→ Requirement
Without including any pictures, give back all of the data exactly.

→ Information provided

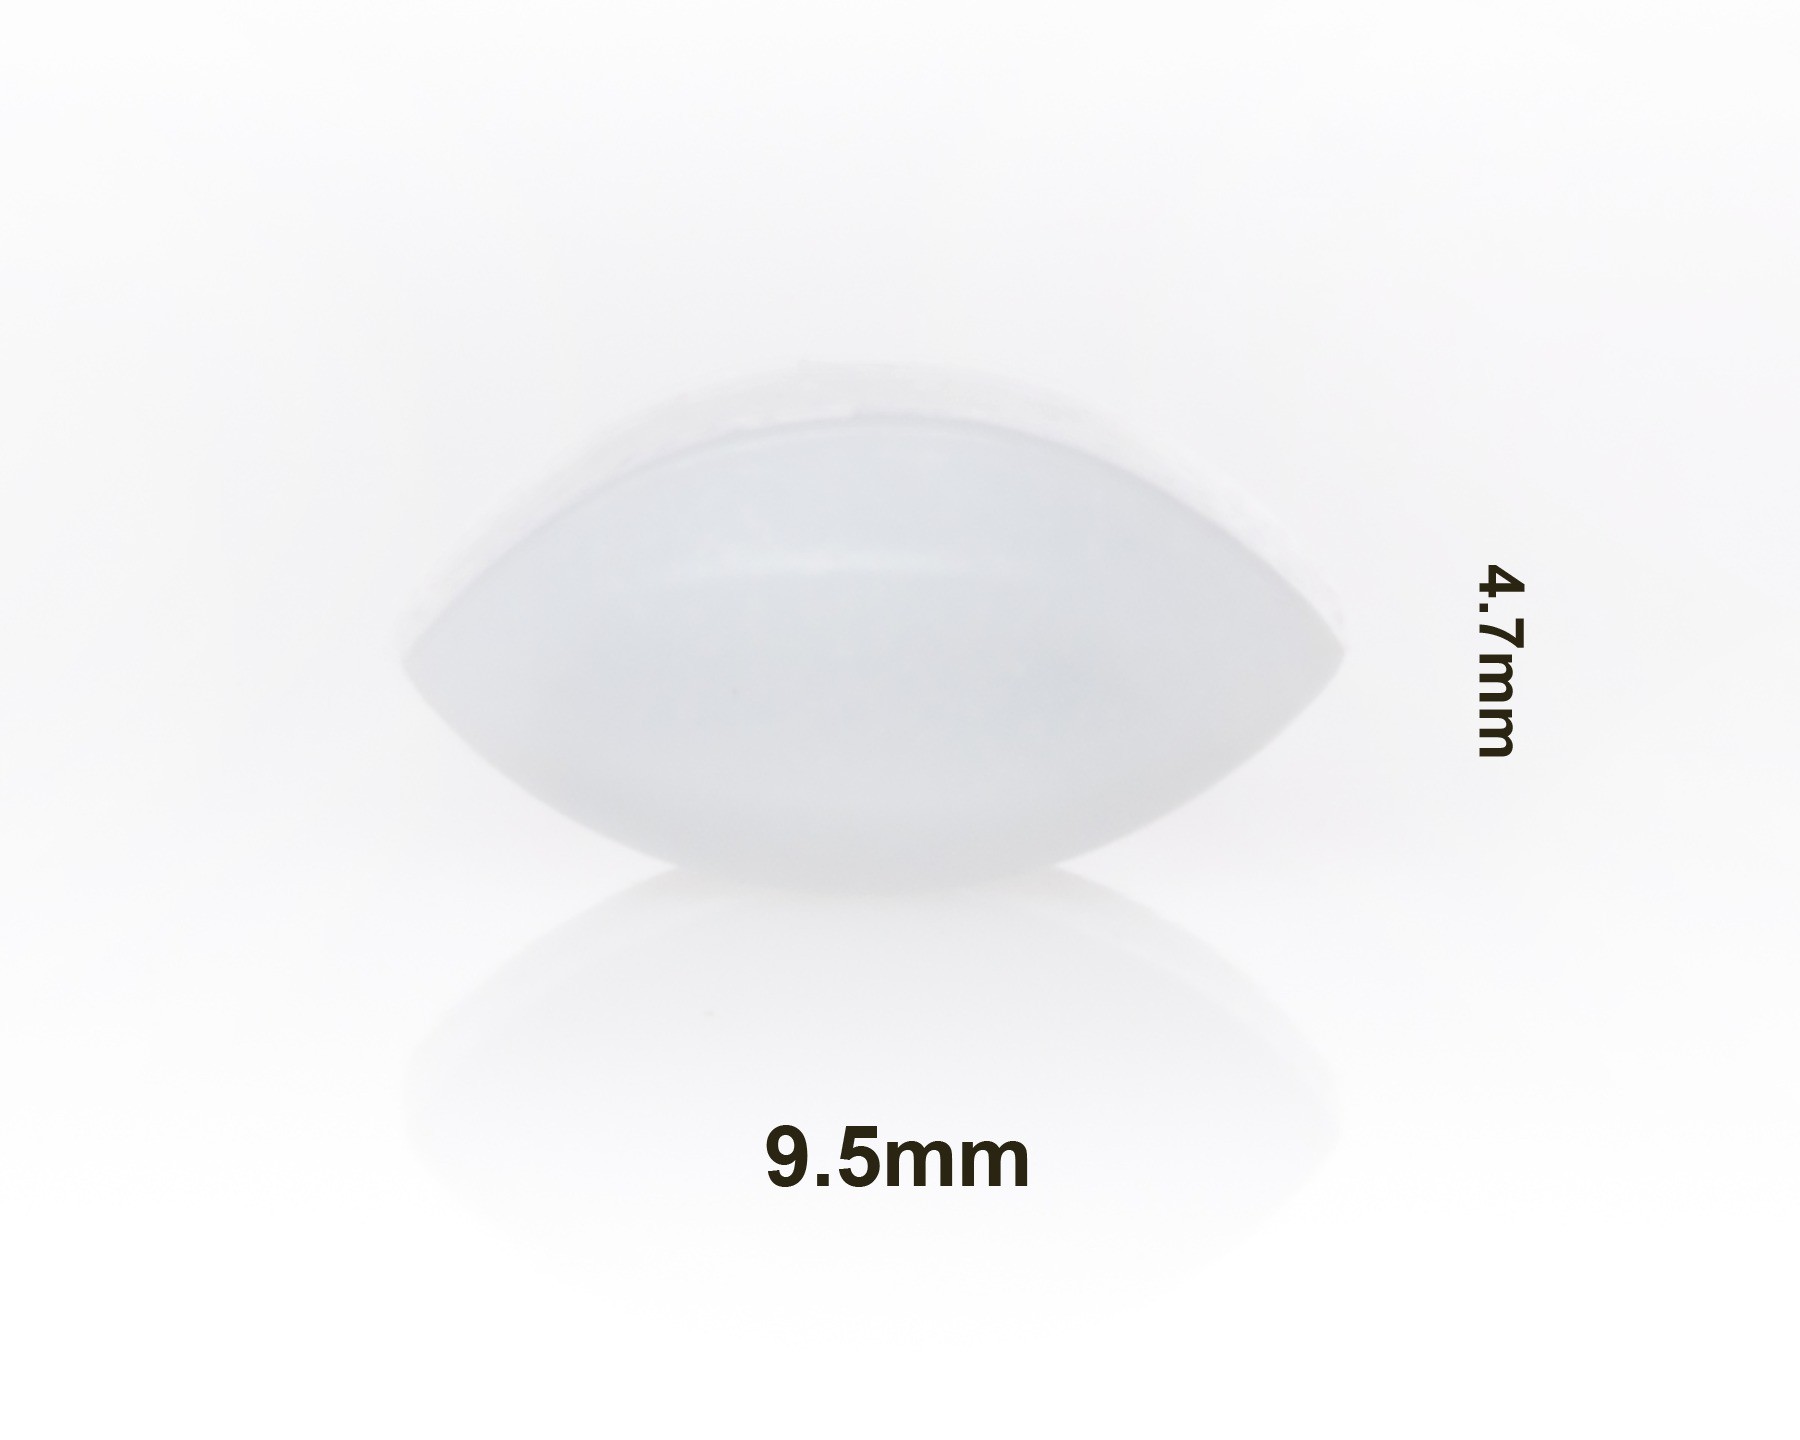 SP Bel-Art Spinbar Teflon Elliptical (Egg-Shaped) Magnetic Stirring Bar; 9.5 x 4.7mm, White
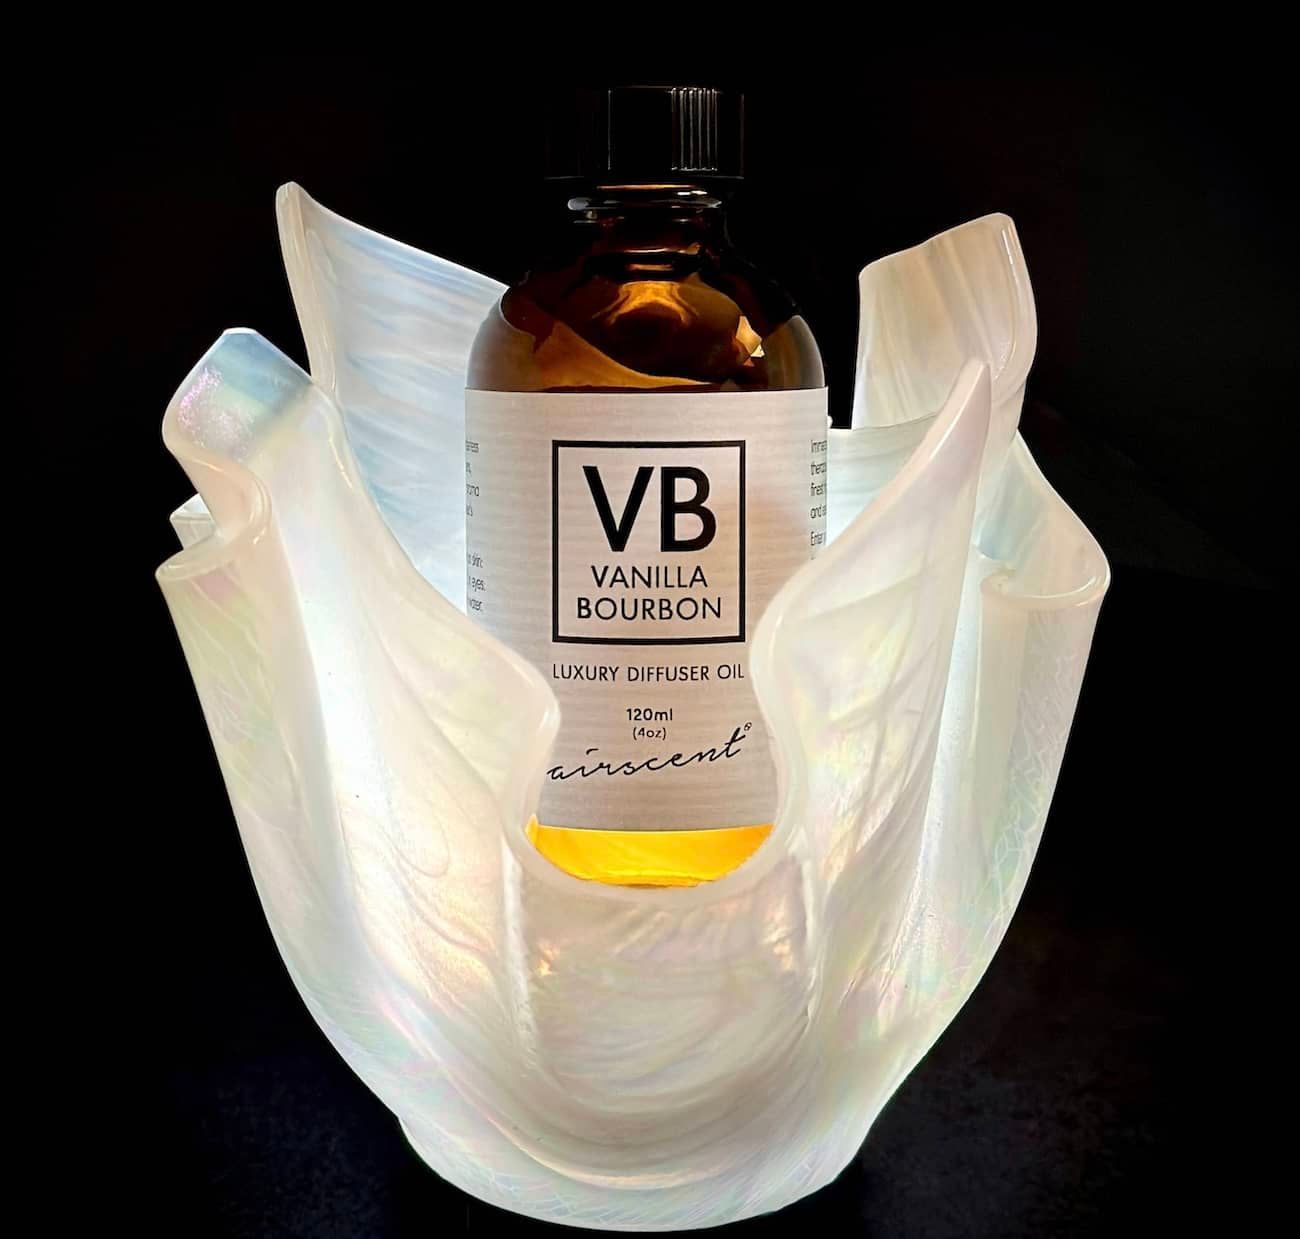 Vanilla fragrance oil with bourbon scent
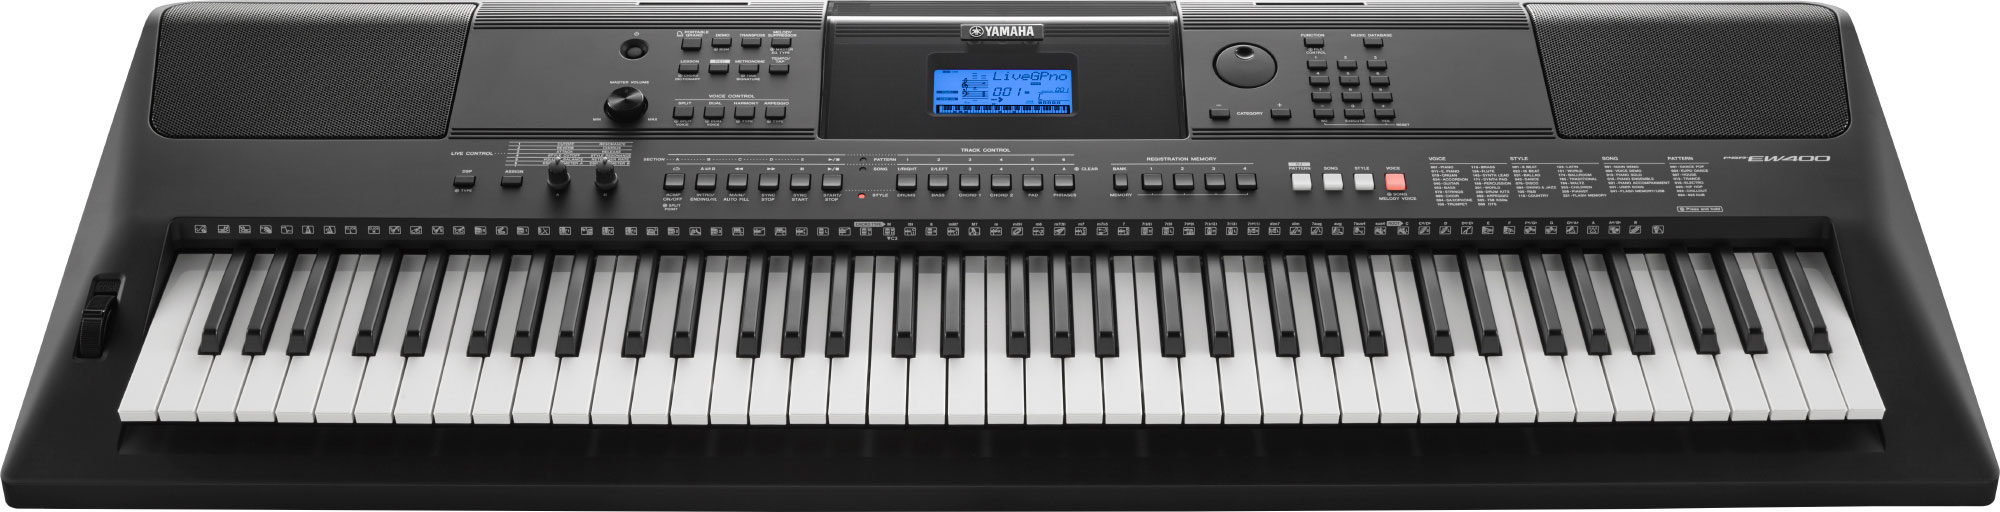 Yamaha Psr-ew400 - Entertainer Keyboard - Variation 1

→ Task solution
 SP Bel-Art Spinbar Teflon Elliptical (Egg-Shaped) Magnetic Stirring Bar; 9.5 x 4.7mm, White
 Vanilla fragrance oil with bourbon scent
 Yamaha Psr-ew400 - Entertainer Keyboard - Variation 1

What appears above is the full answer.